Nor, unlike Mifreprex, is Aid Access’s drug subject to the Risk Evaluation and Mitigation Strategy program, which seeks to mitigate the risk of serious complications by requiring provider certification for prescribing and dispensing Mifeprex and informing patients about Mifeprex’s serious risks. For this reason, the agency added, “Mifeprex is not sold through retail pharmacies or over the internet.”

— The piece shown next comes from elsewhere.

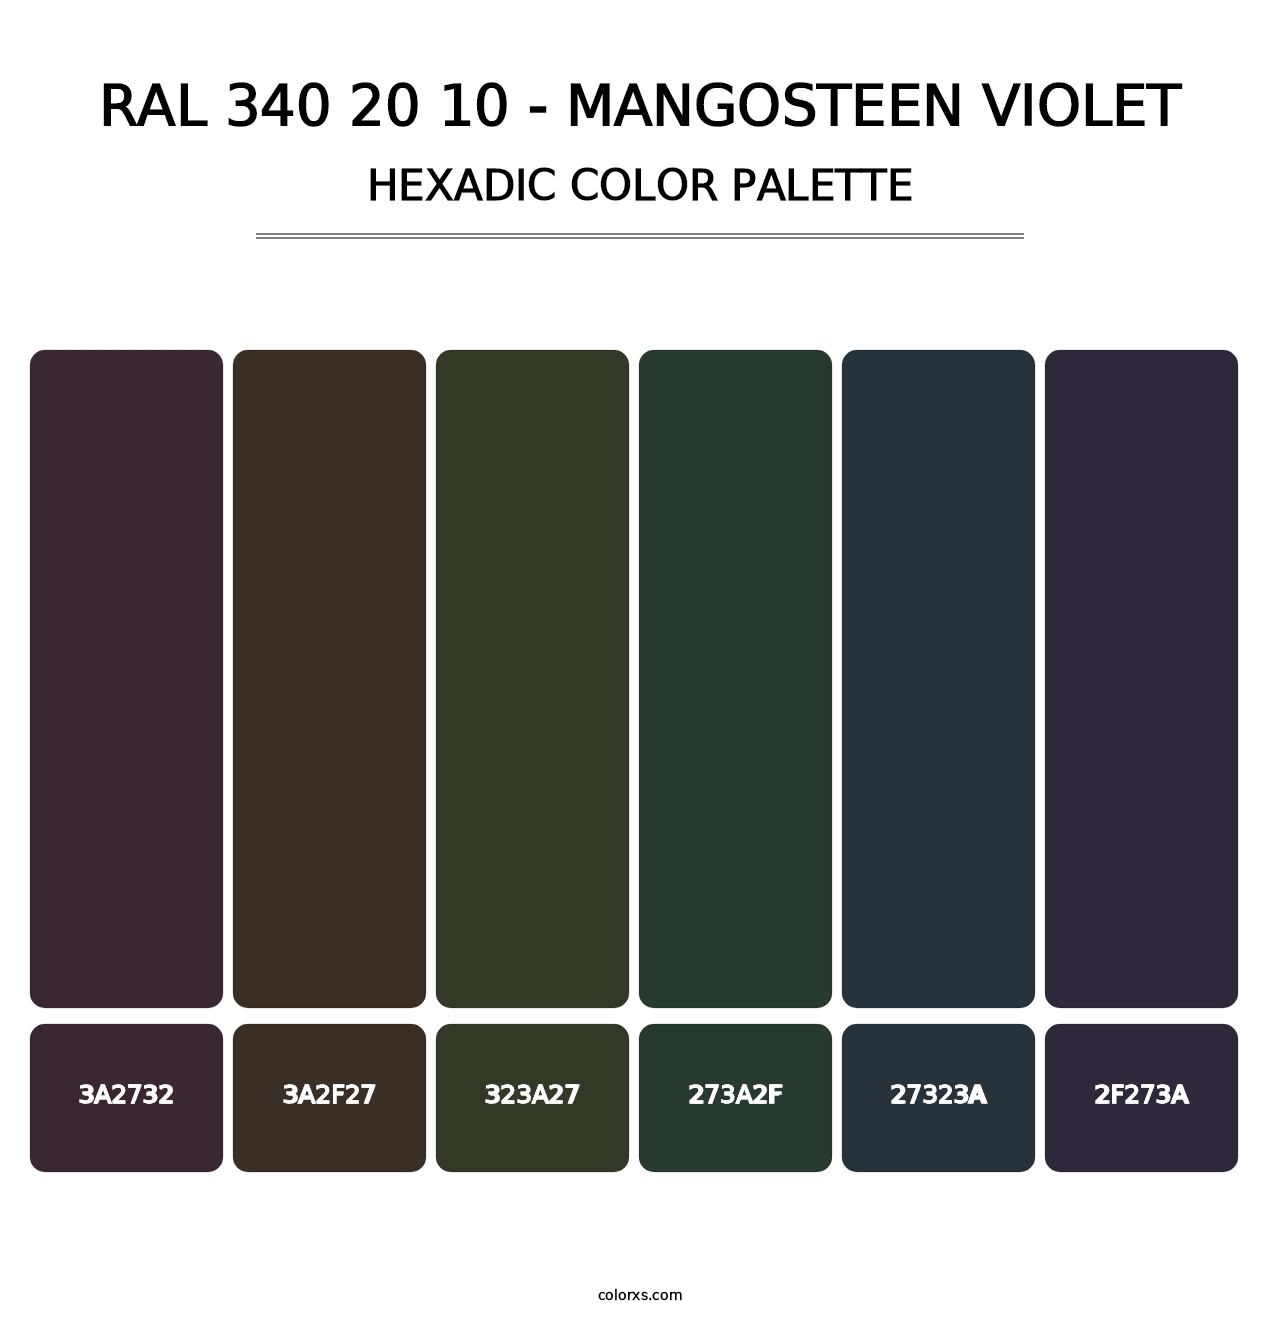 RAL 340 20 10 - Mangosteen Violet - Hexadic Color Palette

The FDA also may have considered Aid Access’s apparently lackadaisical approach to the very real threat of a dangerous ectopic pregnancy, which affects one or two in a hundred pregnancies.
“You can make sure that your pregnancy is inside the womb by having an ultrasound,” Aid Access’s website suggests. “If you use Mifepristone and Misoprostol to end a pregnancy and you do not do an ultrasound first, there is always a chance that you could have an undetected ectopic pregnancy.”

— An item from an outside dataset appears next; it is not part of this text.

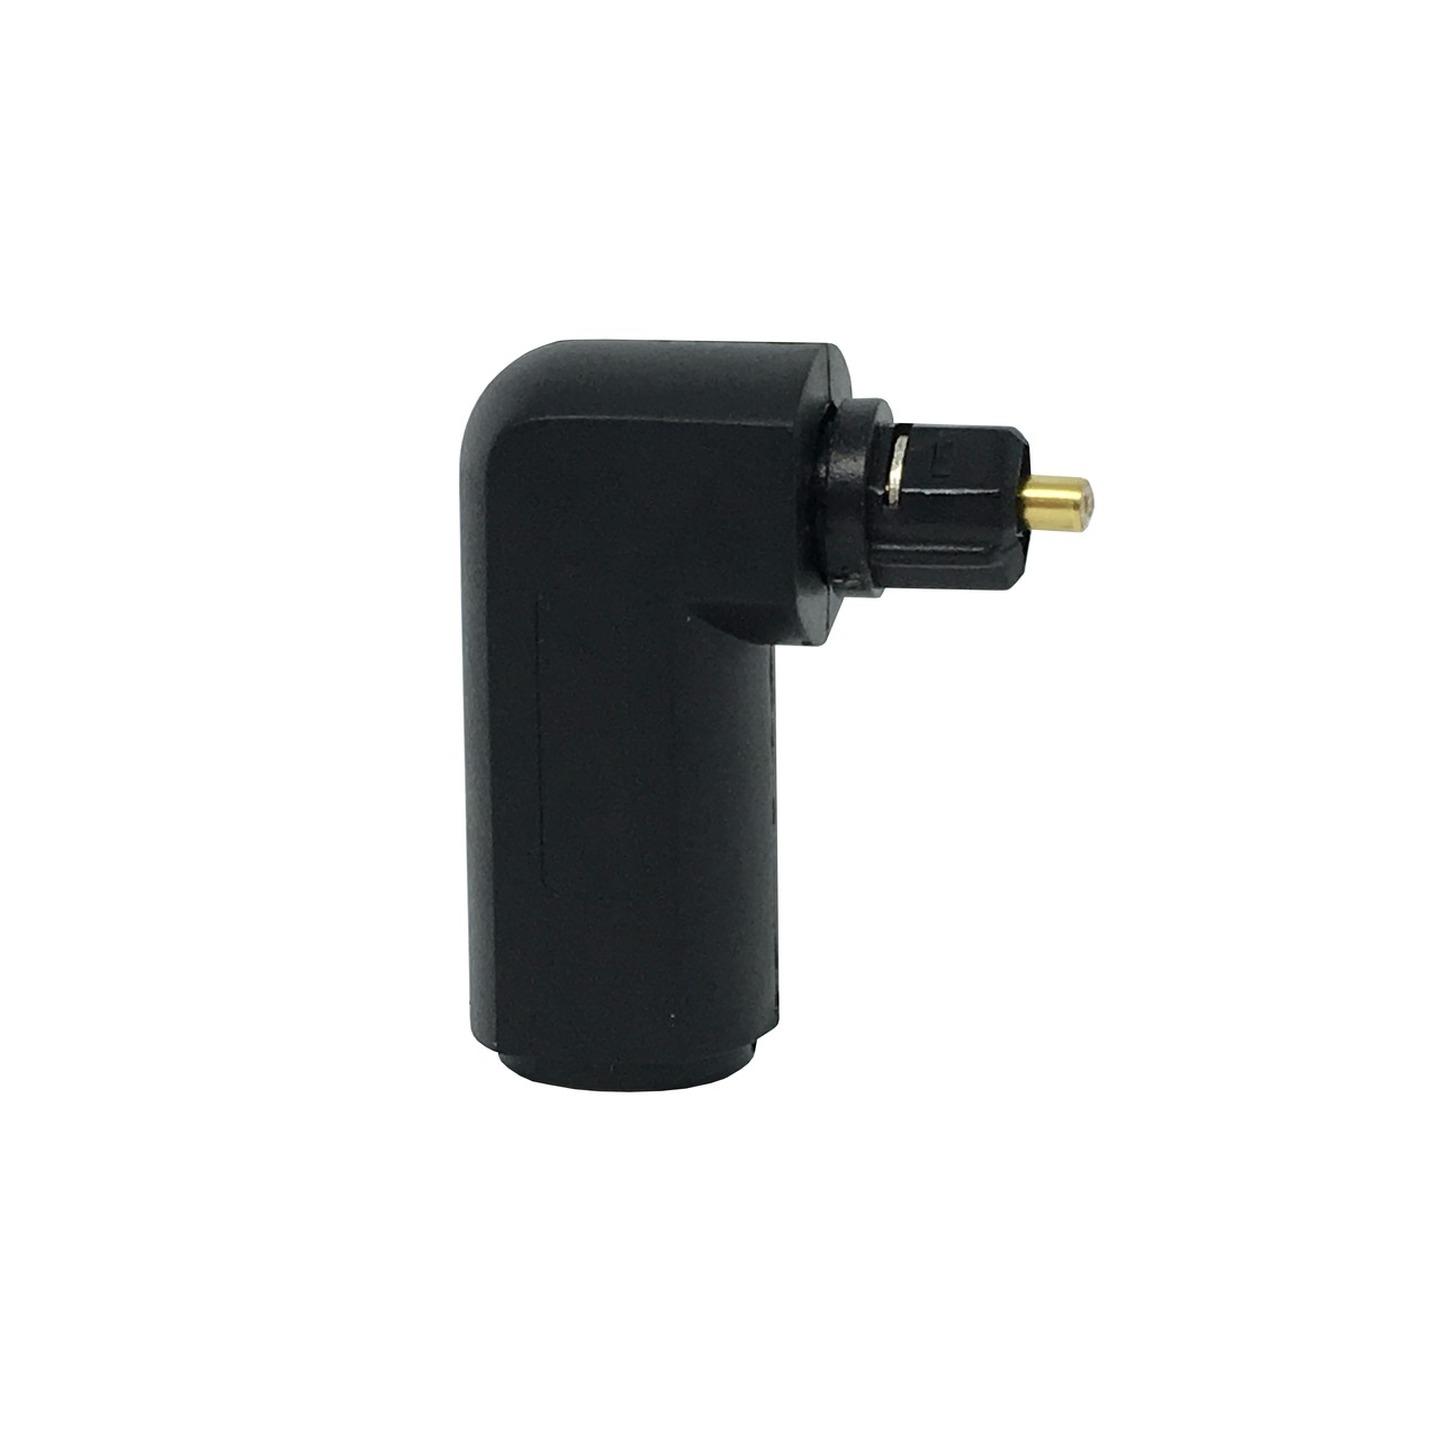 TOSLINK Plug to Socket Right Angle Adaptor

But Aid Access doesn’t require an ultrasound before the abortion, as the standard of medical care dictates. The FDA accordingly warned Aid Access that since its overseas drug is “intended for a condition that is not amenable to self-diagnosis and treatment by a layperson, adequate directions cannot be written such that a layperson can use the product safely for its intended use.”
And in spite of Aid Access’s recognition that no woman should have a drug-induced abortion unless she is within 60 minutes of an emergency facility, the group has no procedures in place to ensure that its customers are within that range of access to emergency care for the approximately one in ten cases that require surgical completion of an abortion begun by drugs.
The FDA requires provider certification to ensure the prescriber has the ability to assess the gestational age of the pregnancy and diagnose ectopic pregnancies, and provide for surgical intervention in cases of incomplete abortion or severe bleeding — all risks that Aid Access seems to shrug off.
The career bureaucrats at the FDA expanded the use of RU-486 at the abortion industry’s behest just two years ago, so they’re certainly not catering to pro-life advocates here. In fact, the FDA’s website cautions women, “You should not buy Mifeprex over the Internet because you will bypass important safeguards designed to protect your health (and the health of others).” The agency’s warning letter concludes by threatening “regulatory action, including seizure or injunction, without further notice.”
Given that, one might expect Aid Access to reconsider its position, if not its entire raison d’être. The FDA has given Aid Access 15 days to respond, but don’t hold your breath. Pro-abortion activist groups such as Aid Access are rarely dissuaded from their extreme, dangerous positions by facts, even those documenting a real threat.
Continued bluster, misinformation, and probable litigation are to be expected, all at a risk to women’s lives. Let’s hope the FDA makes good on its threat soon and moves to shut down Aid Access’s reckless advocacy. Congress, also, should move quickly to exercise appropriate oversight and ensure that the FDA and the Postal Service do their jobs to protect Americans from shoddy oversees drug suppliers.